Miguel Lavastida

He held various ministerial positions in the Dominican government, including minister of finance, interior and police, foreign affairs, and war and navy.

His father, Miguel Lavastida y Aguirre (1790–1830), was a captain of infantry militias during the España Boba, standing out as one of those who supported José Núñez de Cáceres in the ephemeral independence and died being a commissioner during the Haitian regime.

Miguel Antonio's grandfather, Francisco Lavastida y Valladares, died in Caracas in 1812, while his grandmother, María Manuela Aguirre y López del Pulgar (1753–1839), came from a distinguished family.

While serving as substitute judge of the Court of Appeals of Santo Domingo, he was appointed Minister Secretary of State for Finance and Commerce by President Báez in September 1851 and temporarily assumed the Ministry of Justice and Public Instruction between December 1851 and April 1852.

Under the second presidency of Pedro Santana, he established himself as a figure close to this leader and a member of his clique, occupying the post of minister of the interior and police on three occasions between 1853 and 1856, and also taking up again the portfolio of Finance and Commerce, where he was in charge of the Department of Development.
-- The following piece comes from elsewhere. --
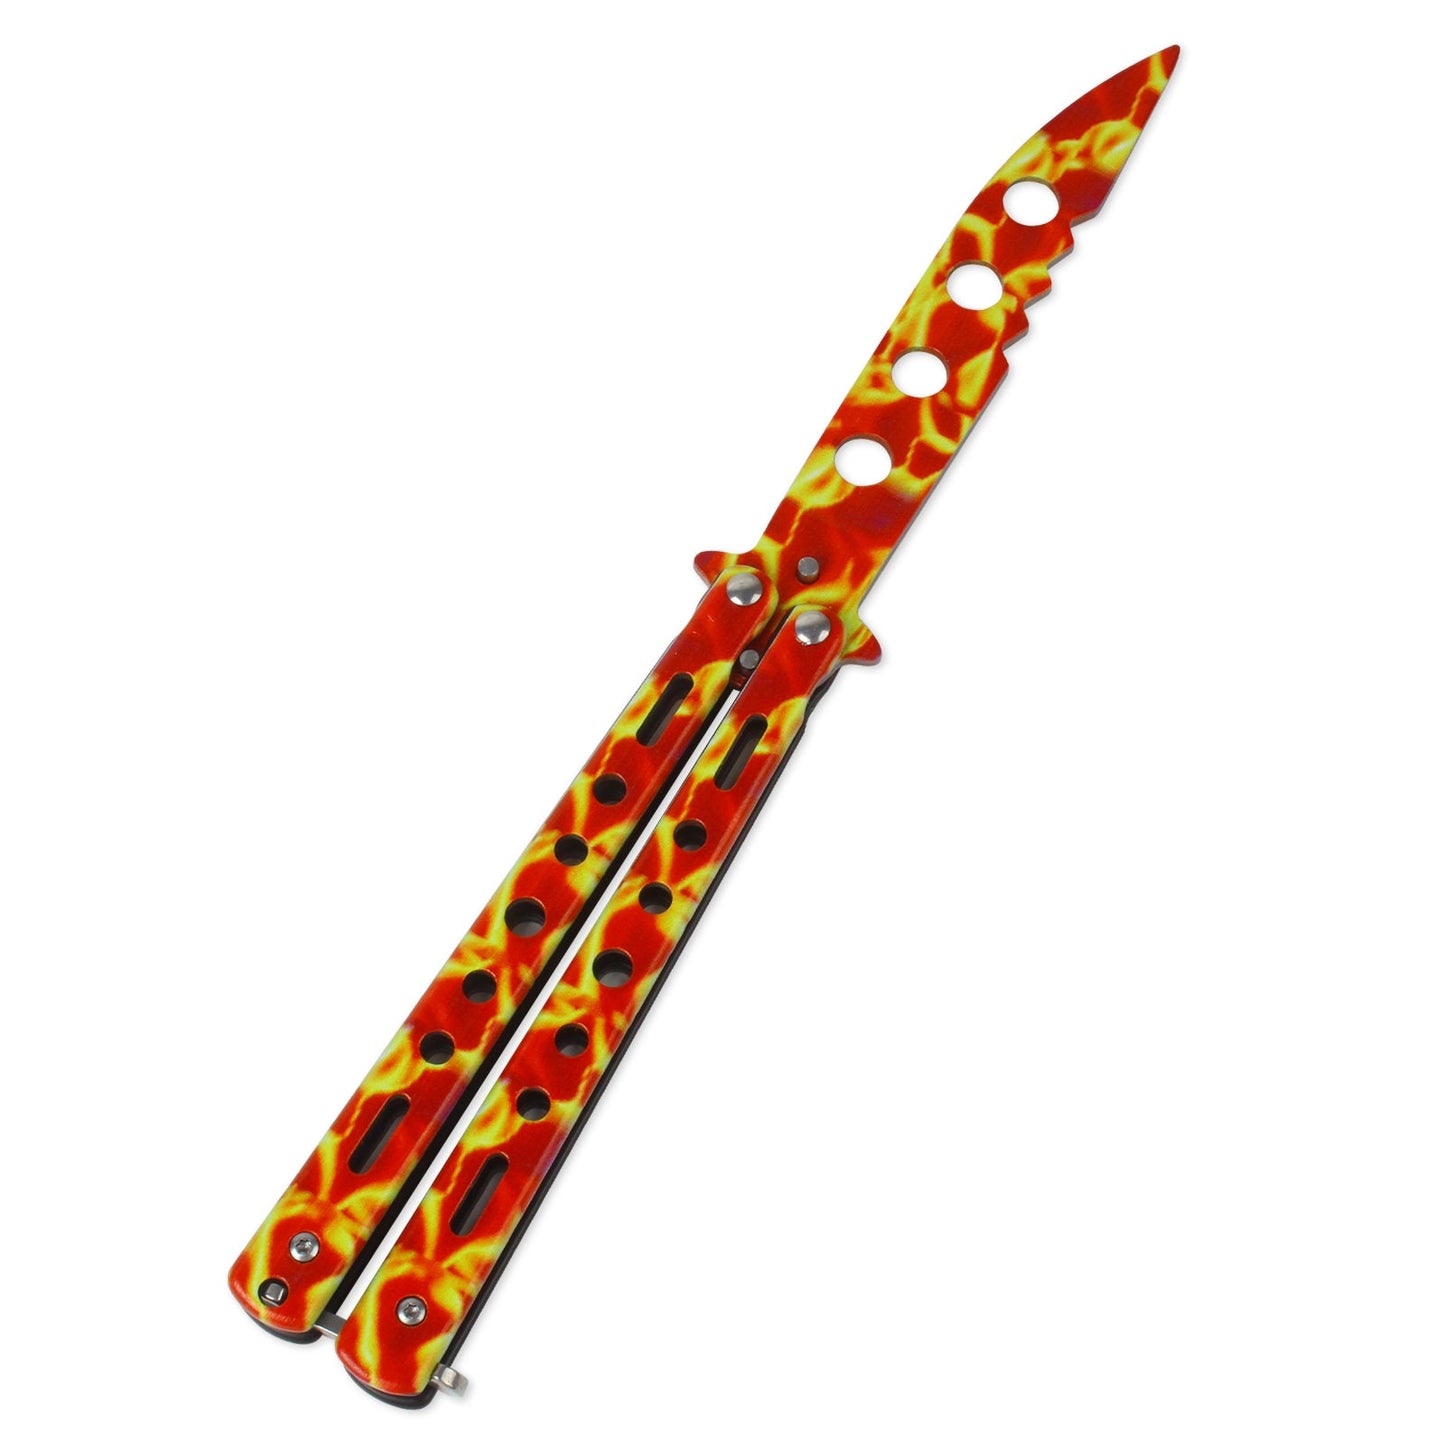 Andux Balisong Butterfly Knife Practice Knives Training Tool (Red + Yellow) BLCS581

In July 1857, after learning of the uprising in Santiago against the Báez regime, Lavastida and others close to Santana, suspected of being involved in the revolution, sought refuge in the consulates of France and Great Britain.

He was one of the signatories of the National Manifesto of July 27, 1858, which proposed that Santana take charge of the Dominican State, giving the country its previous course and repealing the Constitution of Moca.
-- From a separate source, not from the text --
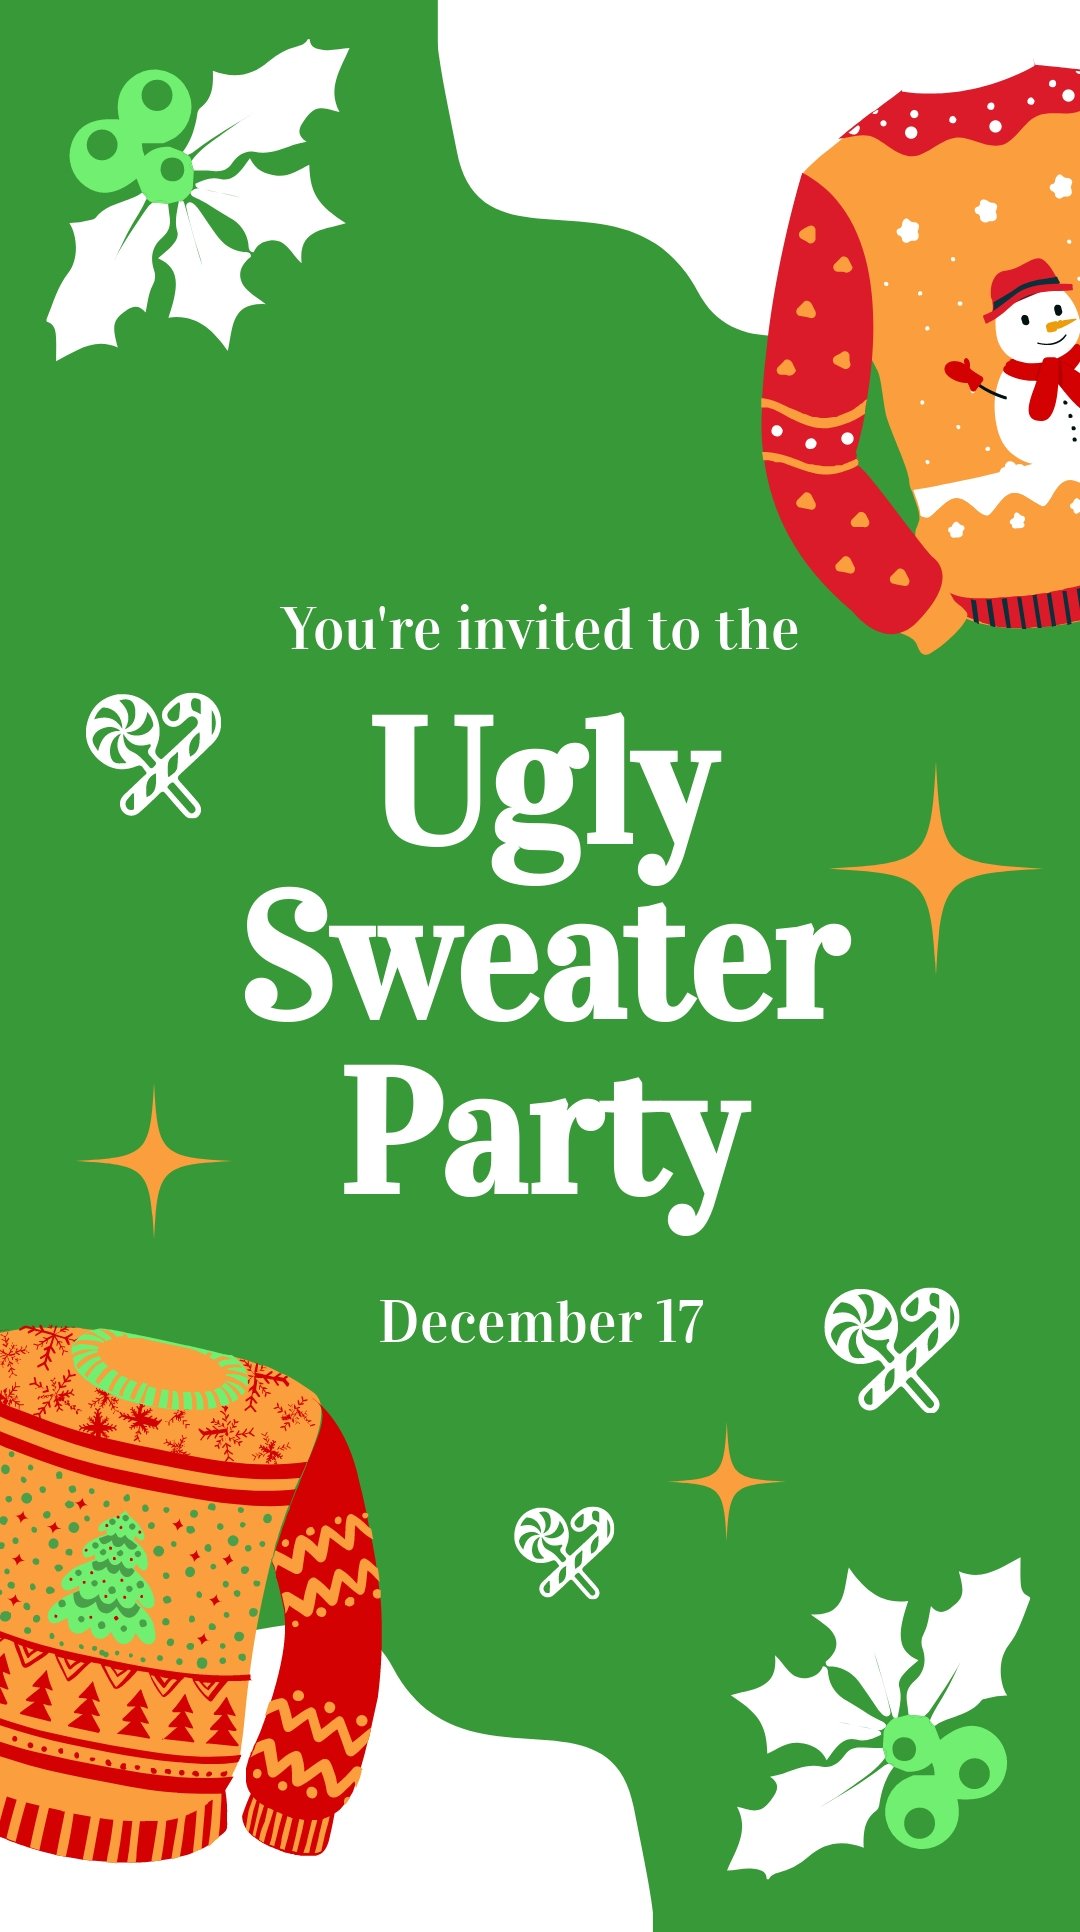 Ugly sweater party banner, invitation or poster for Christmas

This idea was supported by the French and British consuls of Santo Domingo, who considered it a viable solution to ensure the economic survival and security of the country from Haiti.
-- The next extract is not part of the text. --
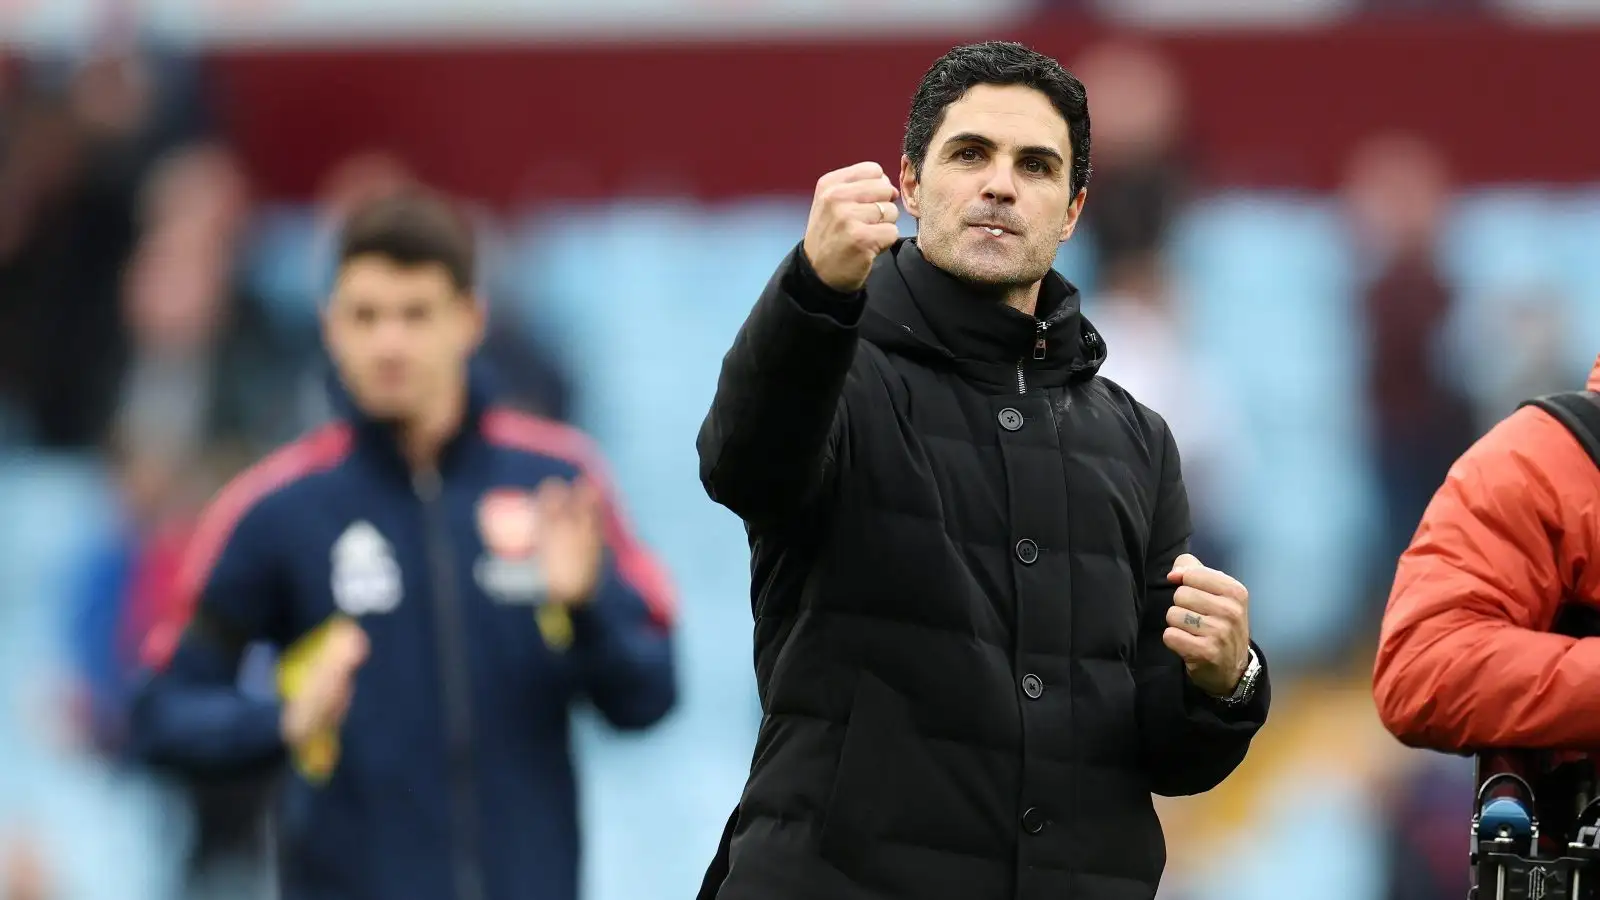 Mikel Arteta’s act of comedy genius will surely boil Richard Keys’ p*ss

In his role as improvised general, Lavastida traveled to the Cibao to verify that the pronouncements of the annexation were in order, since it was feared that that region was more prone to unrest.

[7][8] In September 1861, Francisco Serrano commented in a letter that, due to the total confidence that Santana had in Lavastida, the latter had amassed a considerable fortune, in contrast to the public misery, and that it was rumoured that he had obtained it by illicit means.